Once the pictures are set aside, copy the data below exactly as it stands.

§ STORED DATA
........

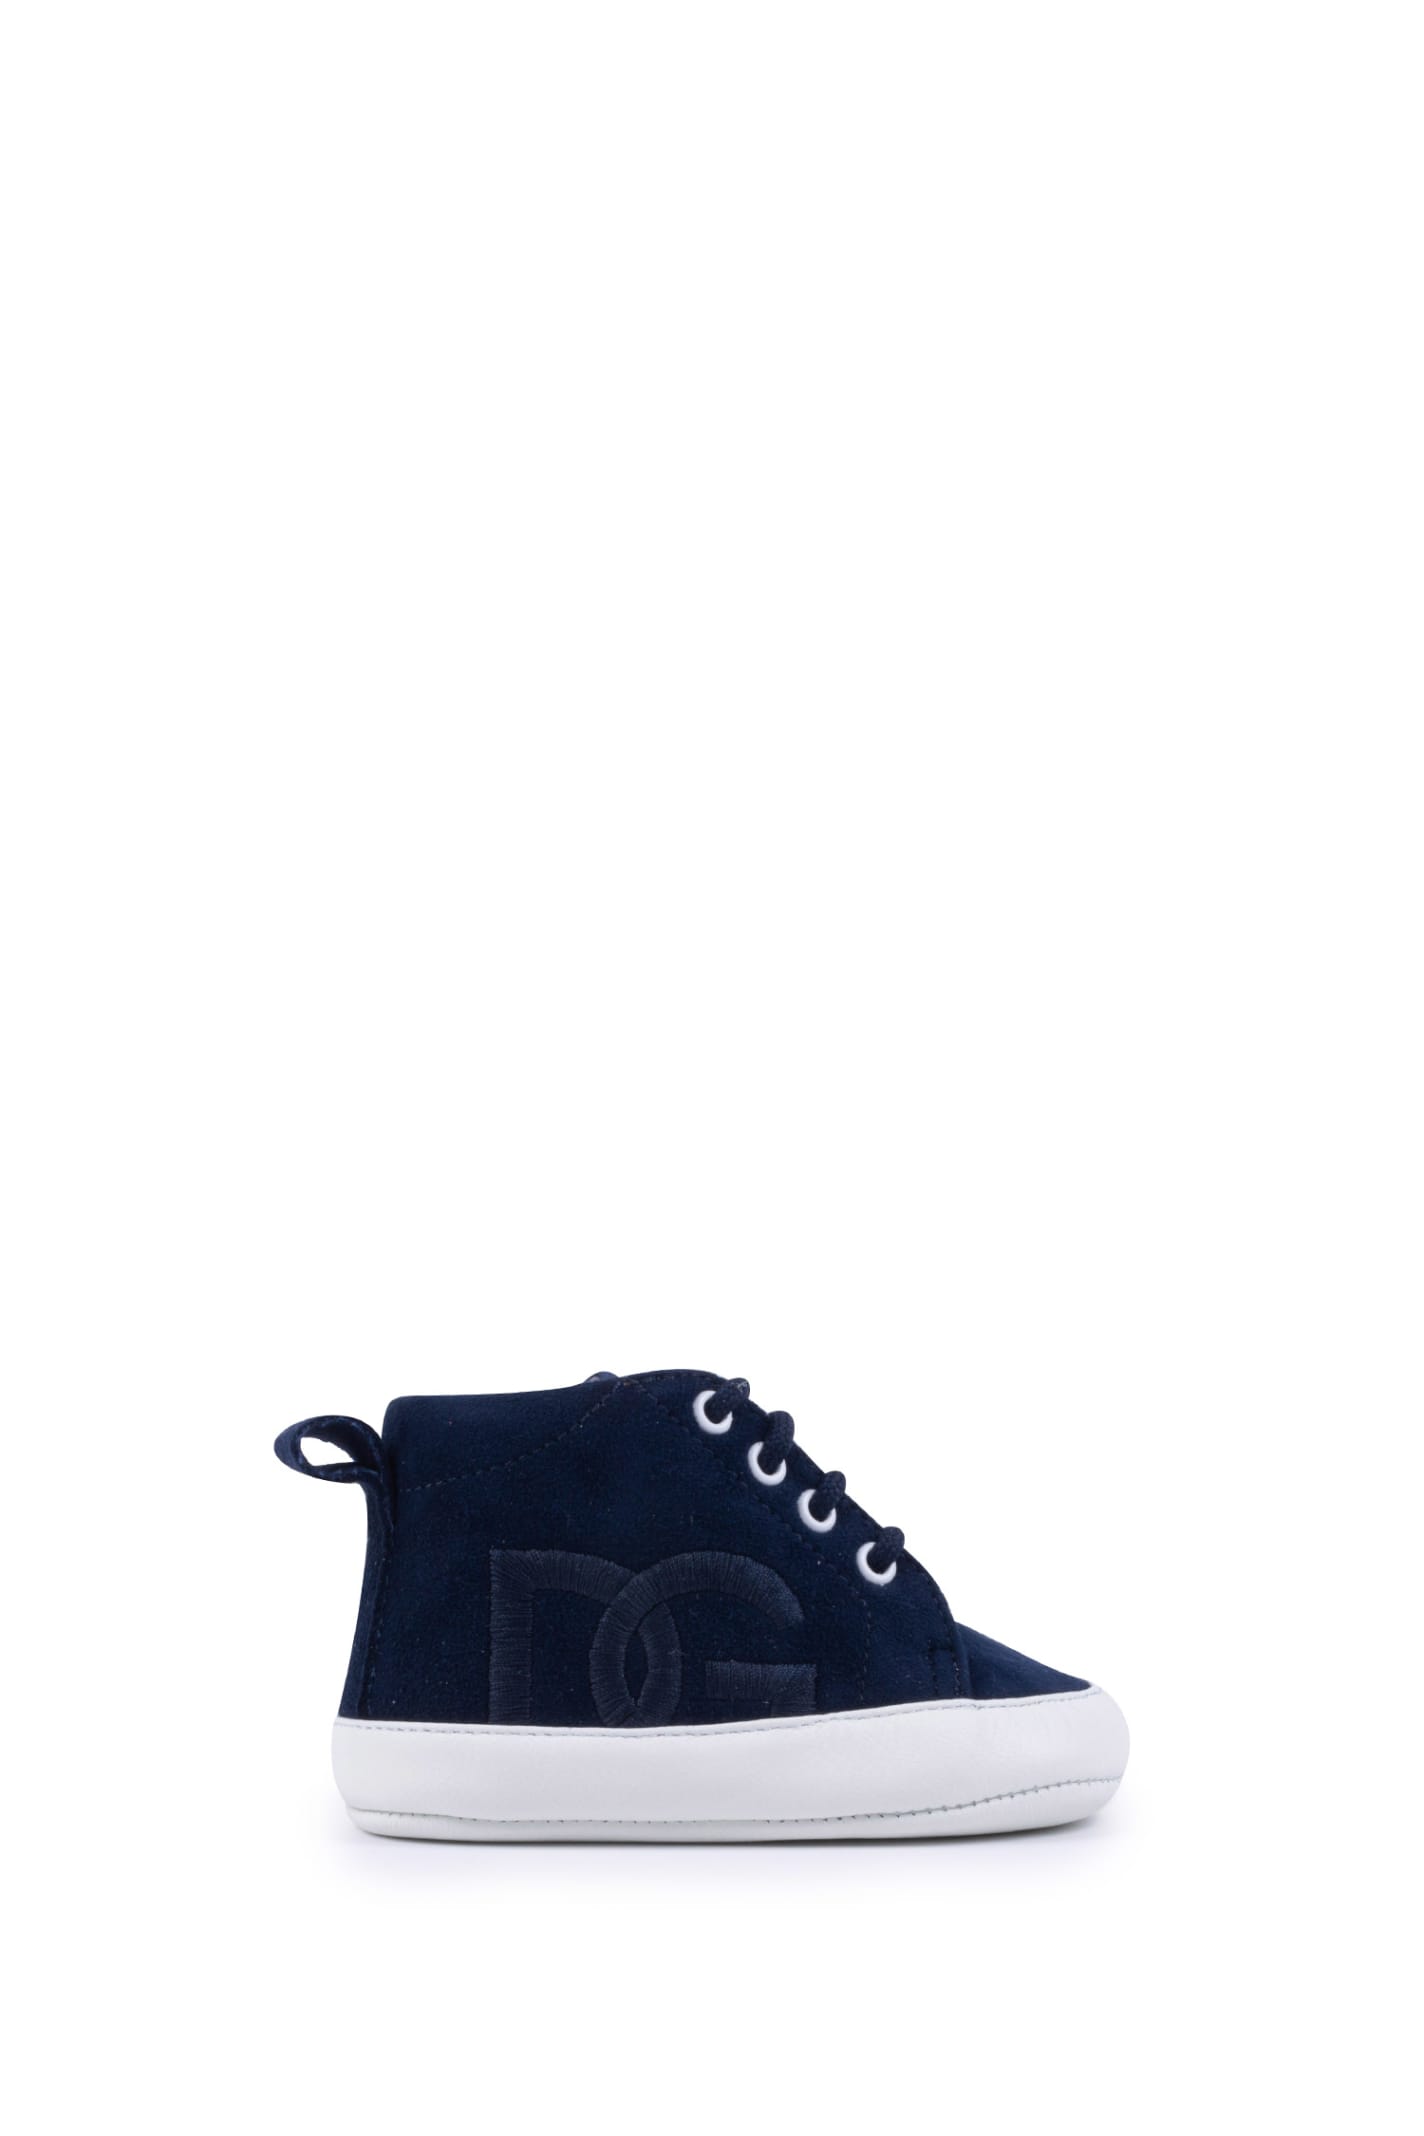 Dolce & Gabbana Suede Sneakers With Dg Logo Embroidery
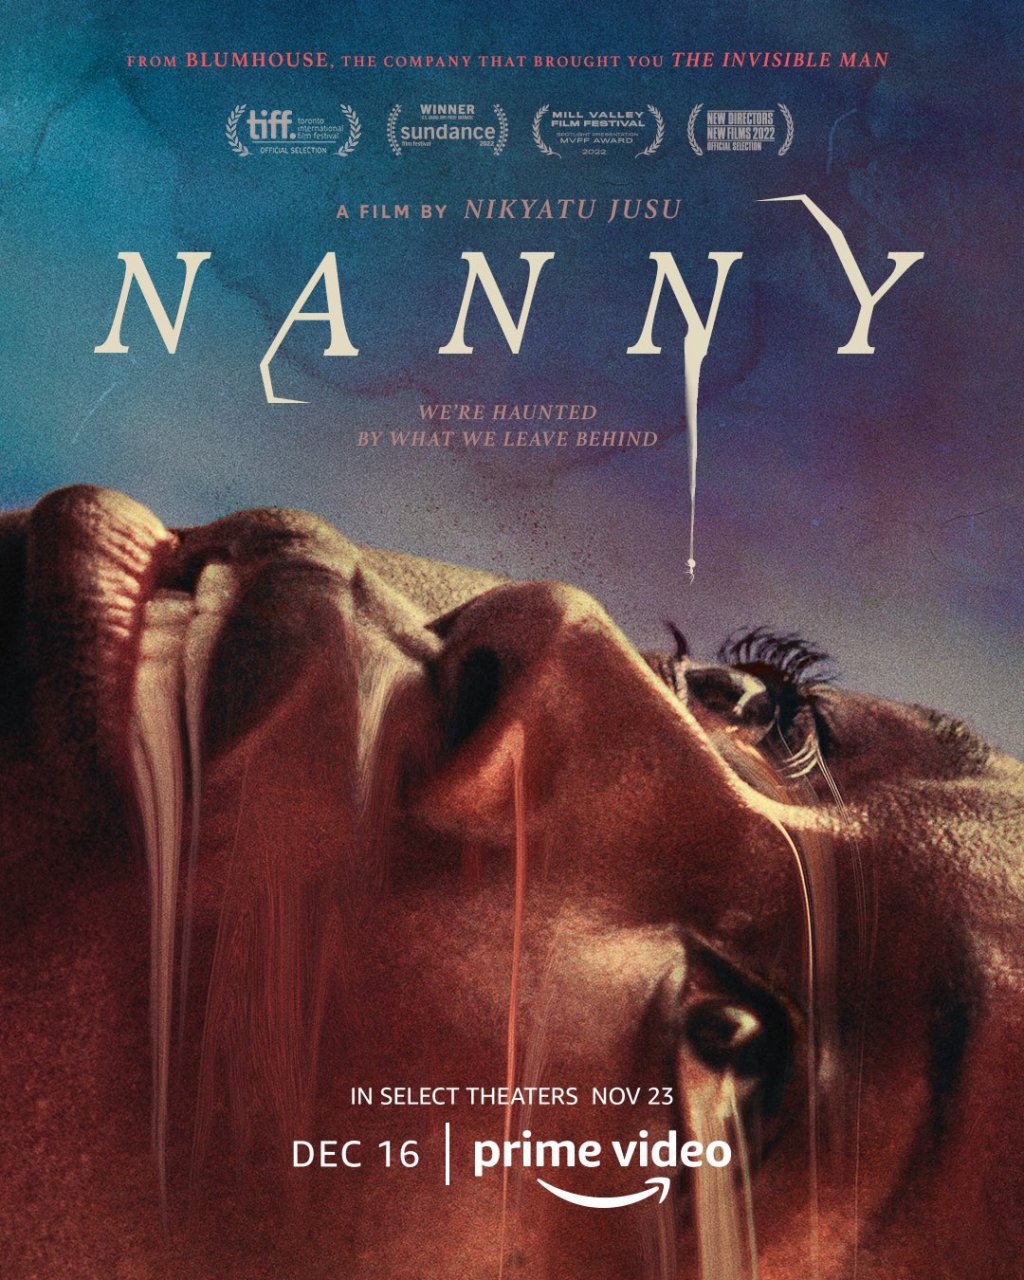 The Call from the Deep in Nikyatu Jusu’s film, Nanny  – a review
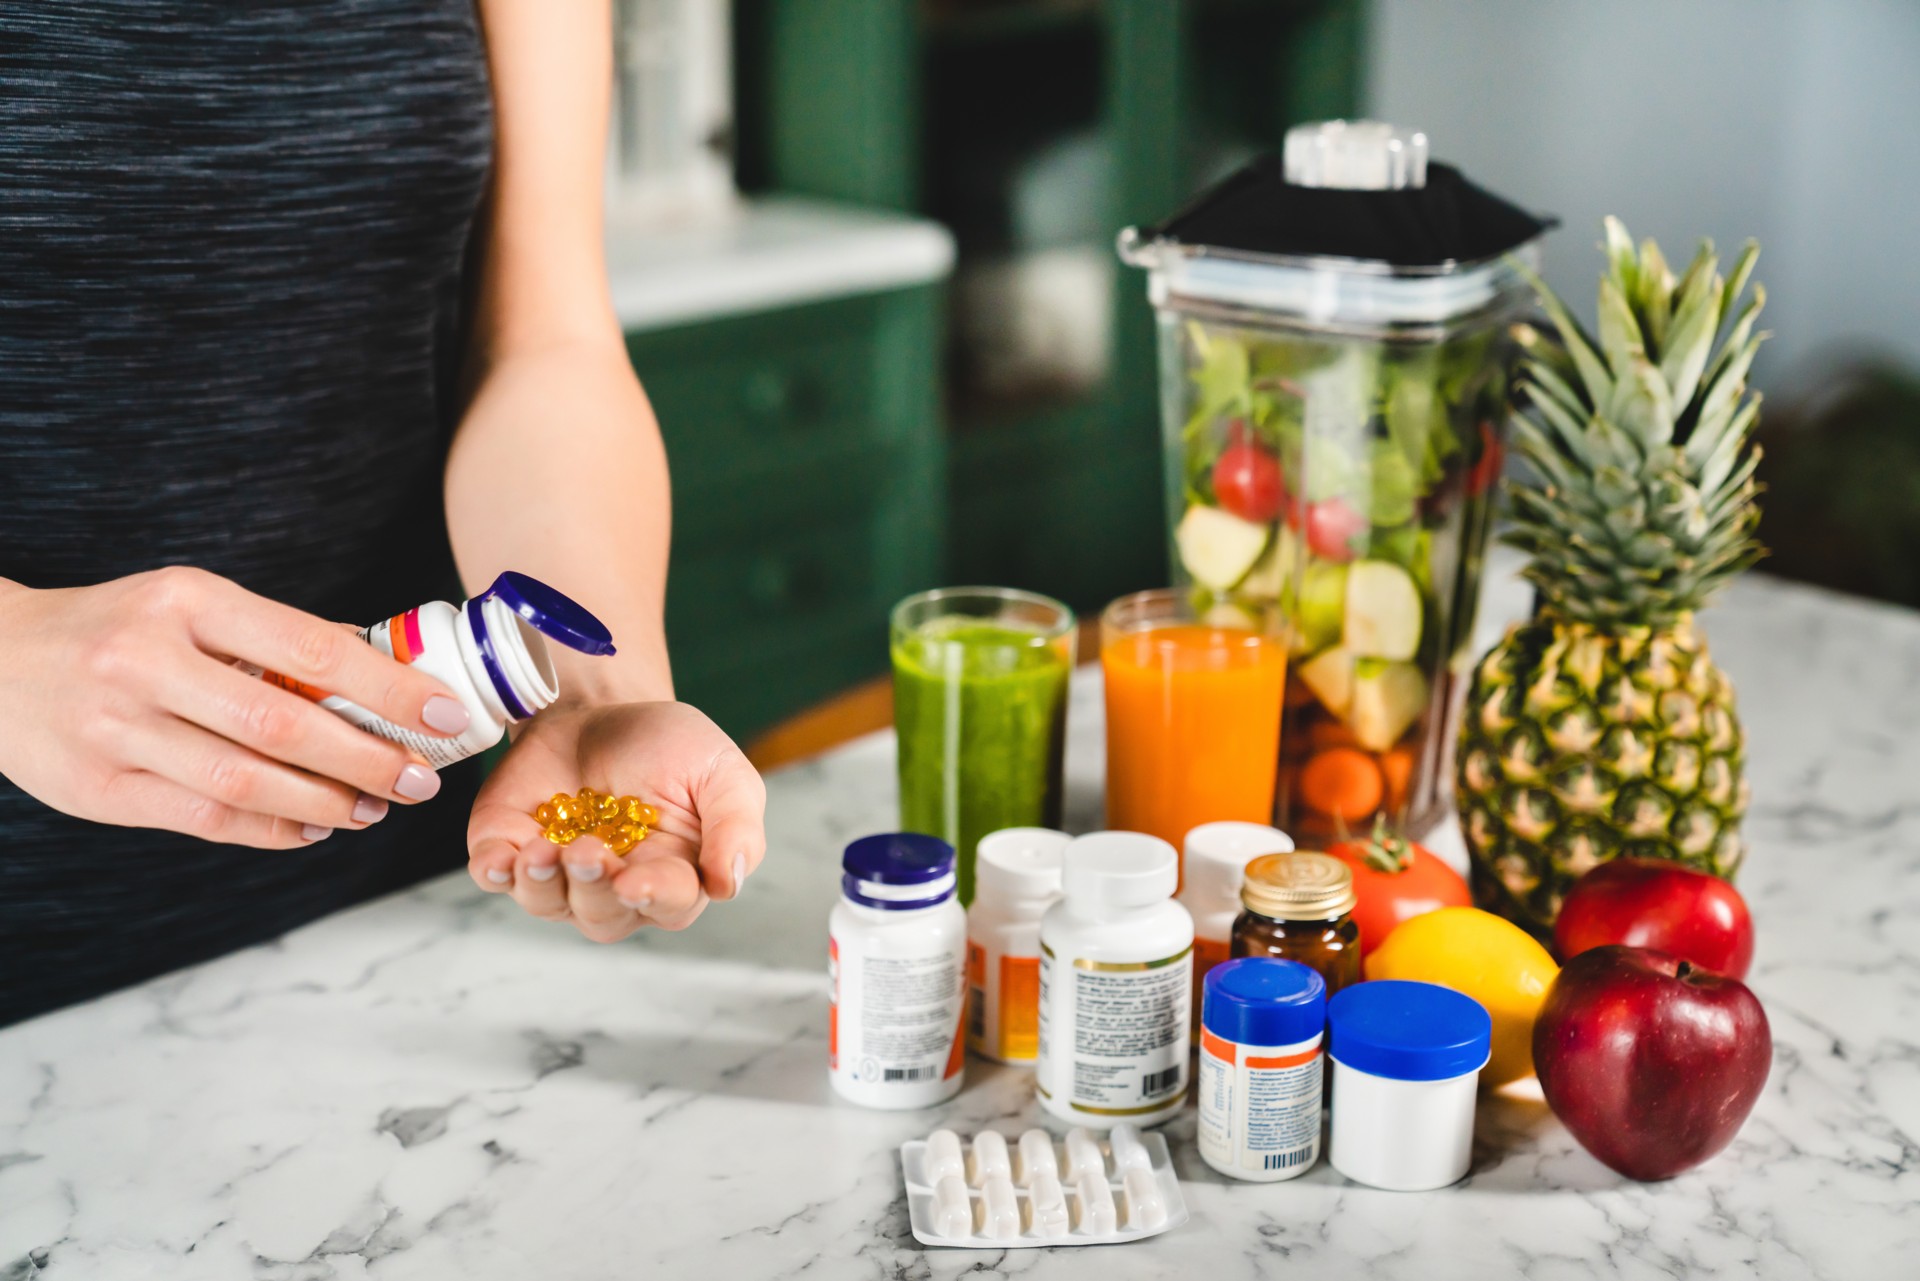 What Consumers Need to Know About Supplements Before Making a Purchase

........

§ EXERCISE RESPONSE
 Dolce & Gabbana Suede Sneakers With Dg Logo Embroidery
 The Call from the Deep in Nikyatu Jusu’s film, Nanny  – a review
 What Consumers Need to Know About Supplements Before Making a Purchase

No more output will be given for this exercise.